本文已参与「新人创作礼」活动，一起开启掘金创作之路。

概念

flink 的状态后端和检查点

在 Flink 中，State Backend 有两个功能：

提供对state（状态）的访问、查询
如果开启了 Checkpoint（检查点），会周期向远程（或者本地）的持久化存储上传state数据和返回元数据 (meta) 给JobManager。

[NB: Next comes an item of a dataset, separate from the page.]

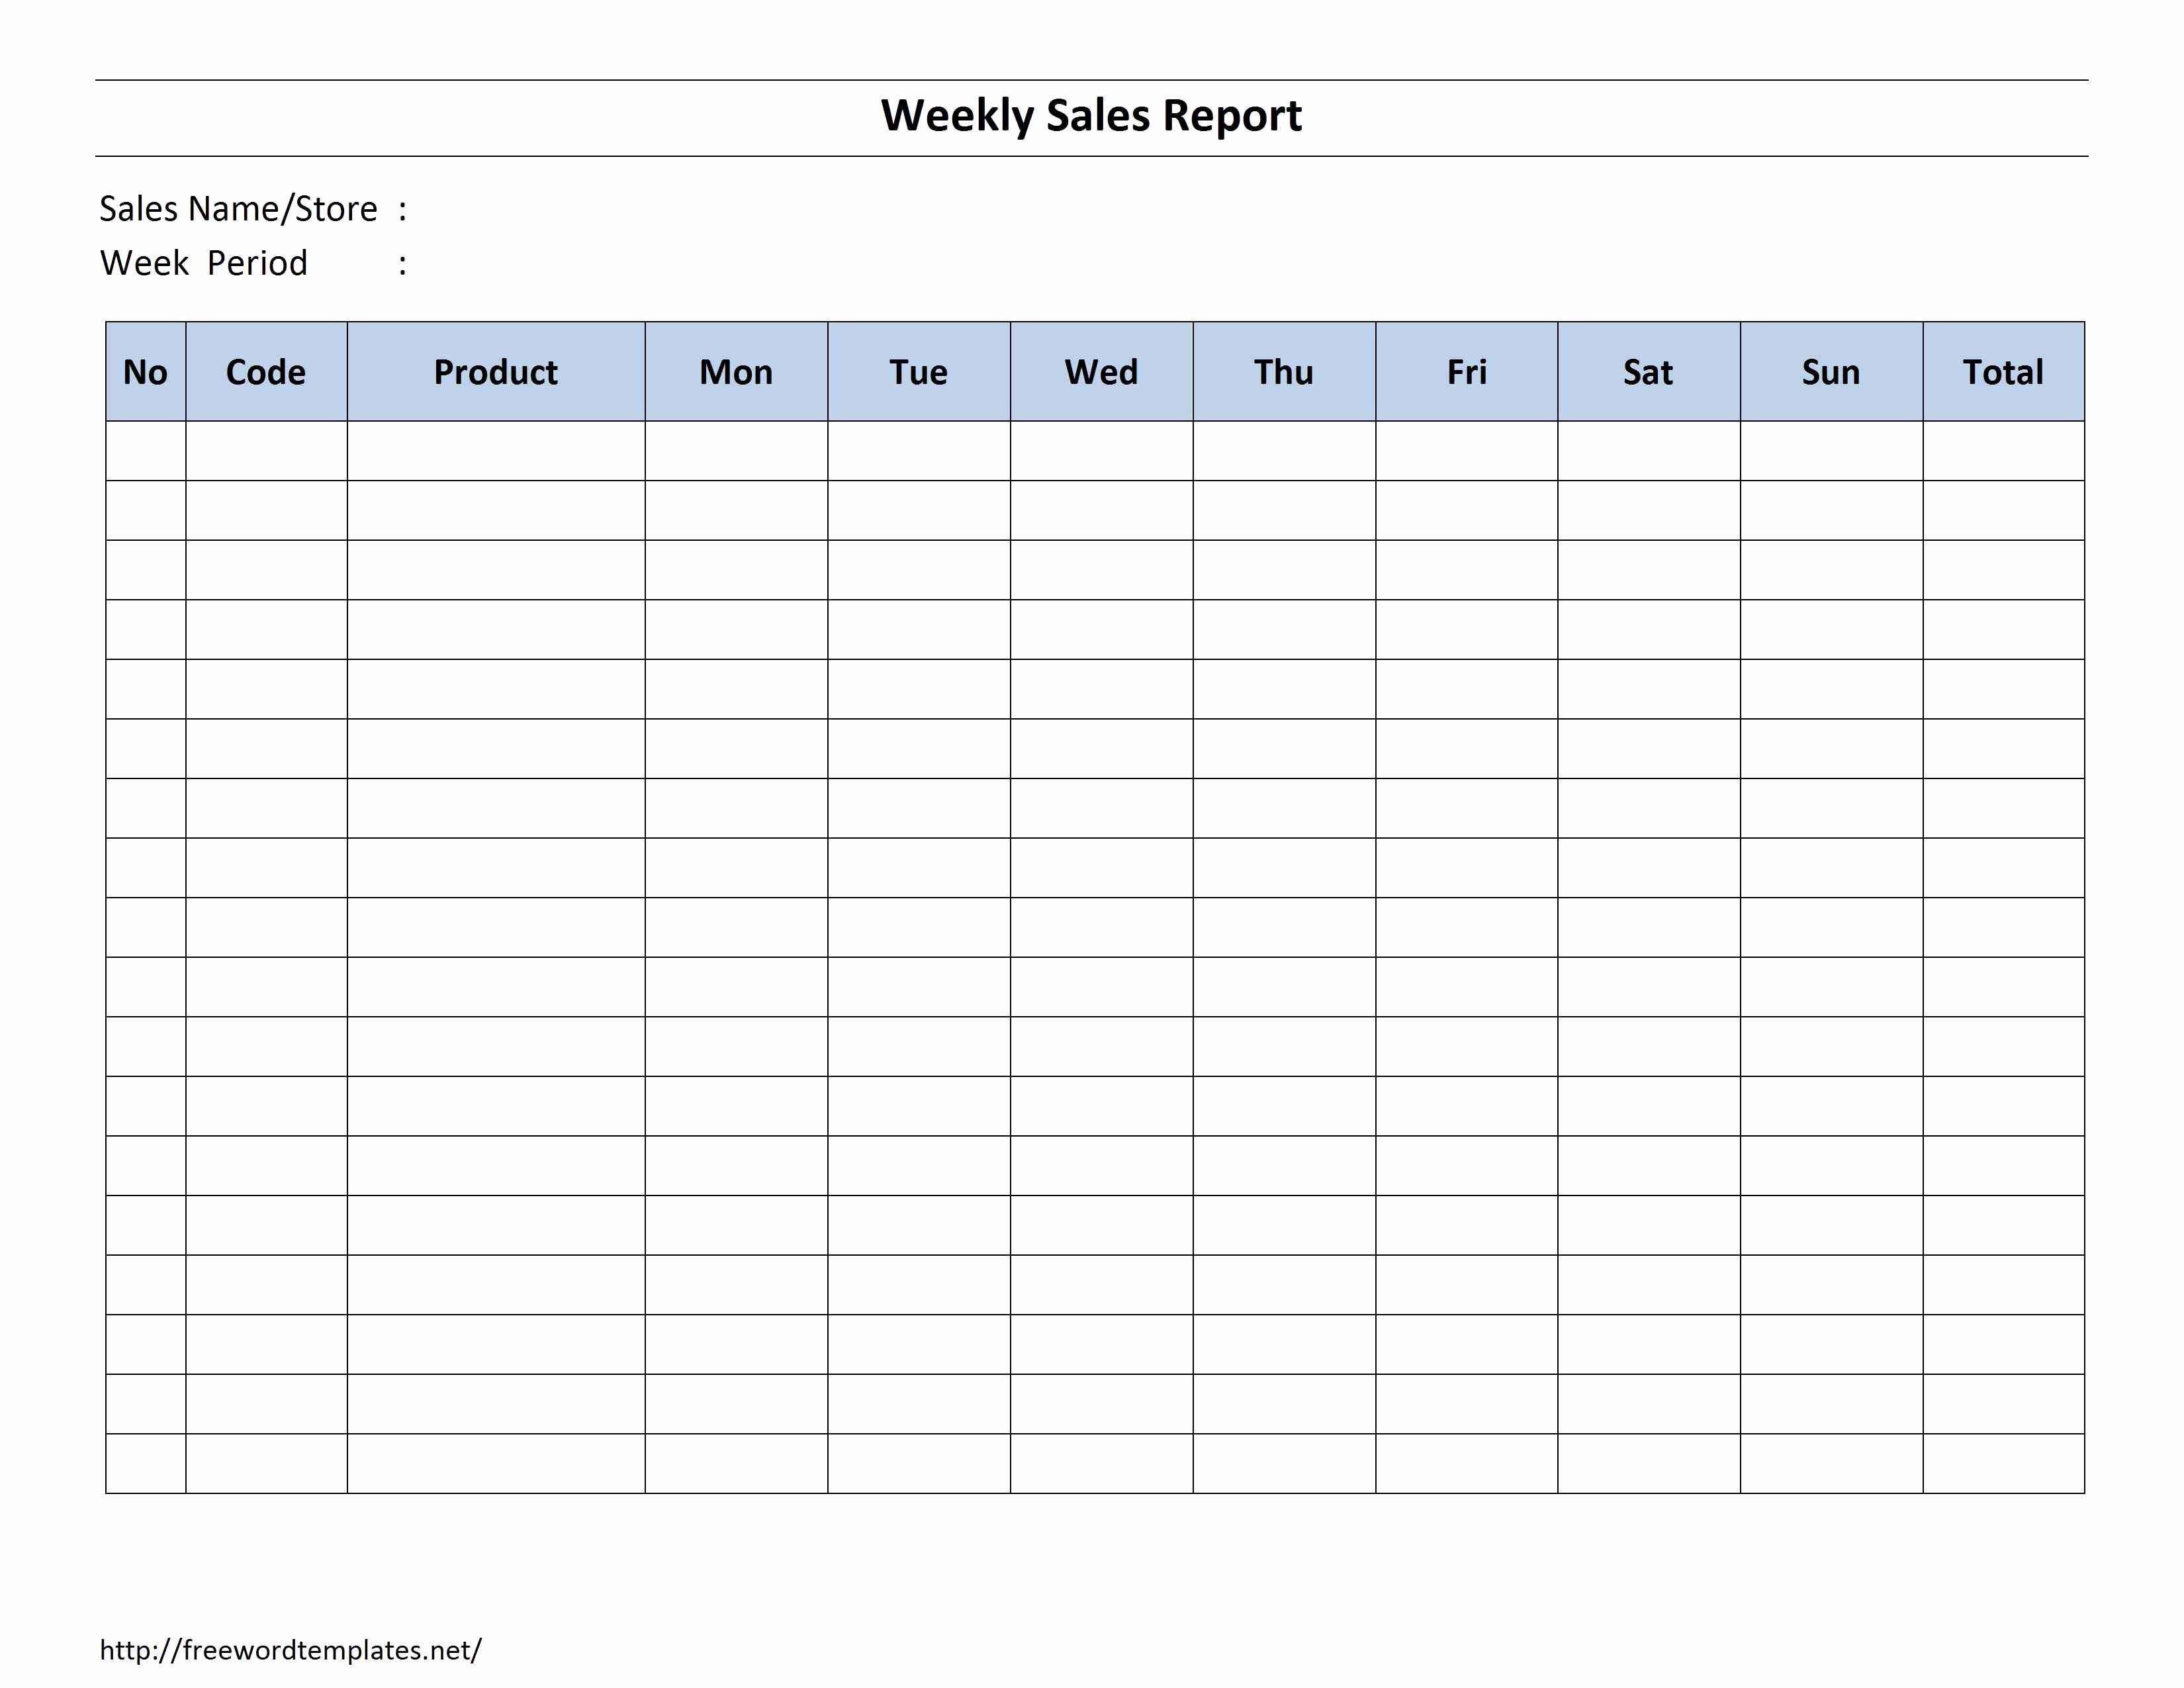 Weekly Sales Report Template Fresh Weekly Sales Report

checkpoint和state的区别和联系： 区别：

checkpoint是一种容错机制，定期生成全局的状态（state）数据和应用程序元（meta）数据快照到远程分布式文件系统
state是一种中间结果，是keyed state（keyBy）或 operator state（offset）的中间状态数据,存储在本地系统（内存或磁盘）

联系：通过checkpoint的容错机制，定期的将==state的中间结果数据快照（如果存在状态数据）== 和 ==应用程序状态元数据快照==保存到分布式文件系统。两者相辅相成。

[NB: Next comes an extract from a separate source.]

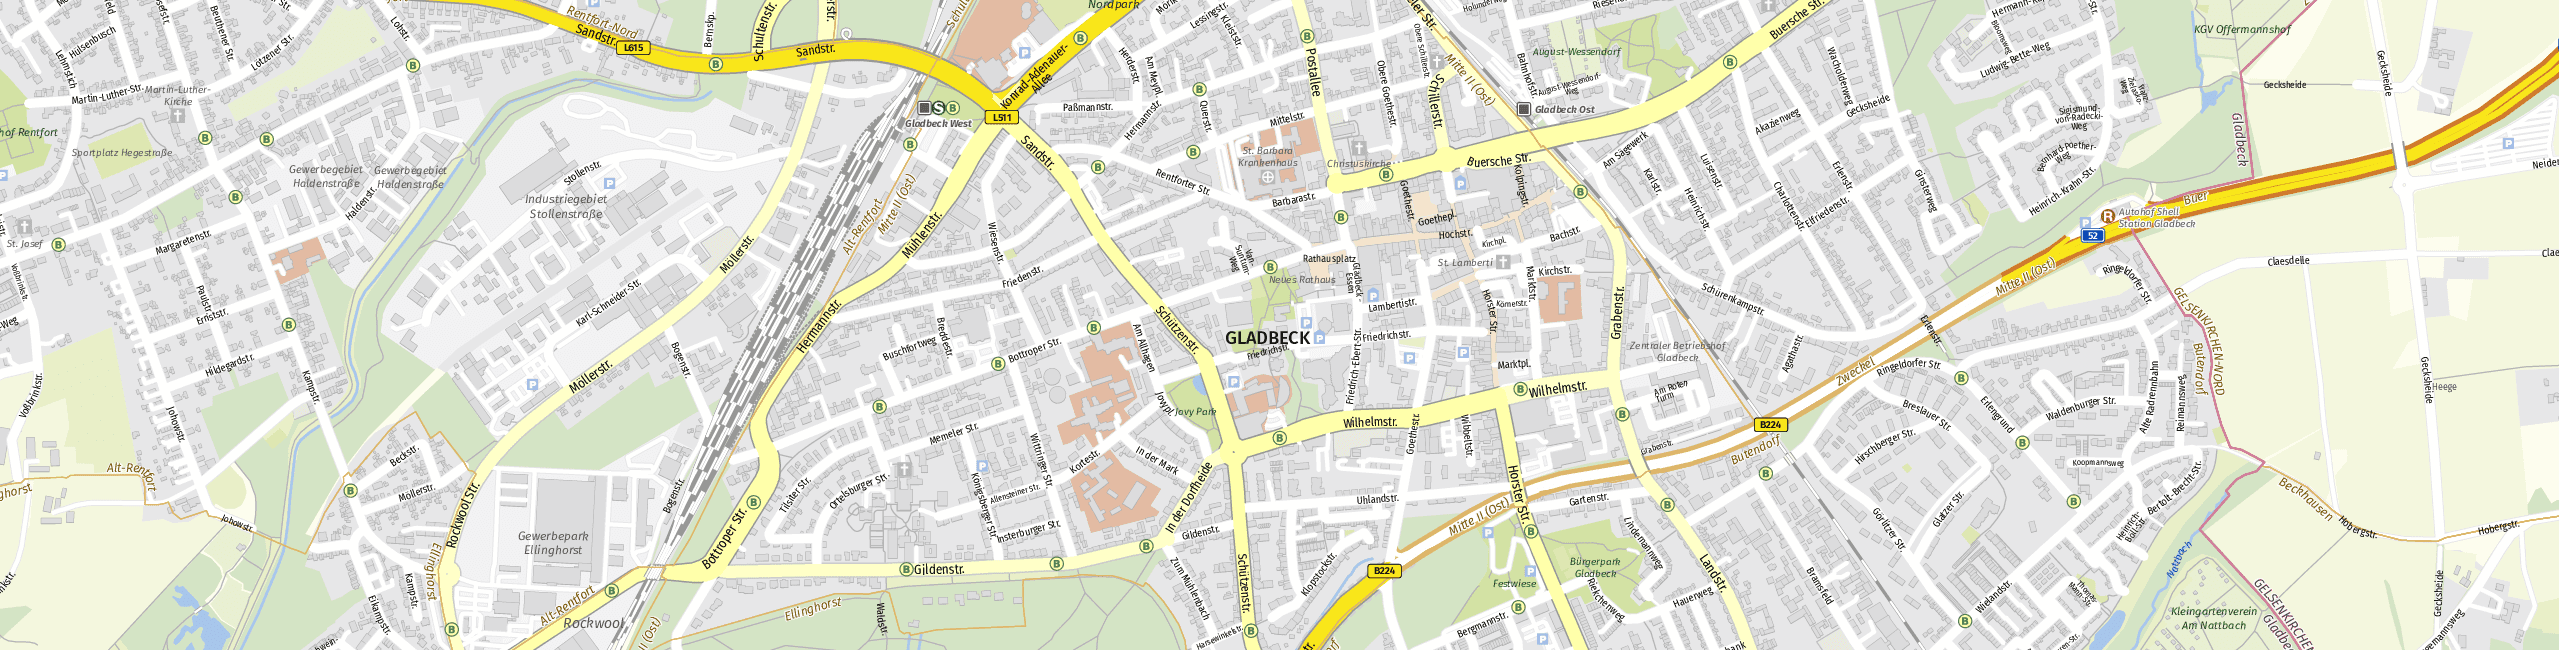 Stadtplan Gladbeck zum Downloaden.

注意： 当前测试的版本基于Flink1.12，在此版本版本中，以上两个功能是混在一起的，即把状态存储和检查点的创建概念混在一起。Flink 1.13 中将状态和检查点两者区分开来，具体可参考。在新版本checkpoint和statebackend是两个相对独立的功能，可以只开启其中一个功能。如果只开启了checkpoint，而没开启statebackend，则只上传元数据到分布式文件系统，不上传state数据；如果只开启了statebackend，而没开启checkpoint，只在本地存储state数据，不上传到分布式文件系统，也就不能利用checkpoint的自身的容错机制。

可用的State Backend

flink提供三种开箱即用的State Backend：

MemoryStateBackend

MemoryStateBackend将状态（state）数据保存在taskmanger的java堆内存中，通过checkpoint机制，MemoryStateBackend将状态（state）进行快照并保存Jobmanager（master）的堆内存中。默认使用异步快照（asynchronous snapshots）避免阻塞管道

FsStateBackend

FsStateBackend将状态（state）数据保存在taskmanger的java堆内存中，通过checkpoint机制，将状态快照写入配置好的文件系统中（本地或HDFS）。另外FsStateBackend通过配置一个fileStateThreshold阈值，小于该值时state存储到metadata中而非文件中。默认使用异步快照（asynchronous snapshots）避免阻塞管道

RocksDBStateBackend

RocksDBStateBackend将状态（state）数据保存在RocksDB数据库（内存+磁盘）。通过checkpoint机制, 整个RocksDB数据库被复制到配置的文件系统中（本地或HDFS）。另外RocksDBStateBackend可以通过构造函数enableIncrementalCheckpointing参数配置是否进行增量Checkpoint（而MemoryStateBackend 和 FsStateBackend不能）。并且跟FsStateBackend 不同的是，RocksDBStateBackend仅支持异步快照（asynchronous snapshots）

详细可参考1、参考2

增量式checkpoint

增量式的检查点可以为拥有大量状态的程序带来很大的提升。在早期的测试中，一个拥有TB级别“状态”程序将生成检查点的耗时从3分钟以上降低到了30秒左右。因为增量式的检查点不需要每次把完整的状态发送到存储中。另外通过实验还发现开启了增量式checkpoint，状态后端总的数据量也会大大减少。目前只能通过RocksDBStateBackend来开启增量式检查点的功能，Flink使用RocksDB内置的备份机制来合并检查点数据。这样， Flink 增量式检查点的数据不会无限制的增大，它会自动合并老的检查点数据并清理掉。开启方式：

StreamExecutionEnvironment env = StreamExecutionEnvironment.getExecutionEnvironment(); 
//第二个参数为true
env.setStateBackend(new RocksDBStateBackend(filebackend, true));

详细可参考

Checkpoint和Savepoint

Checkpoint

Flink Checkpoint 是一种容错恢复机制。这种机制保证了实时程序运行时，即使突然遇到异常也能够进行自我恢复。Flink Checkpoint 是 Flink 自身的系统行为，用户无法对其进行交互。

Savepoint

Flink Savepoint 你可以把它当做在某个时间点程序状态全局镜像，以后程序在进行升级，或者修改并发度等情况，还能从保存的状态位继续启动恢复。Flink Savepoint 一般存储在 HDFS 上面，它需要用户主动进行触发。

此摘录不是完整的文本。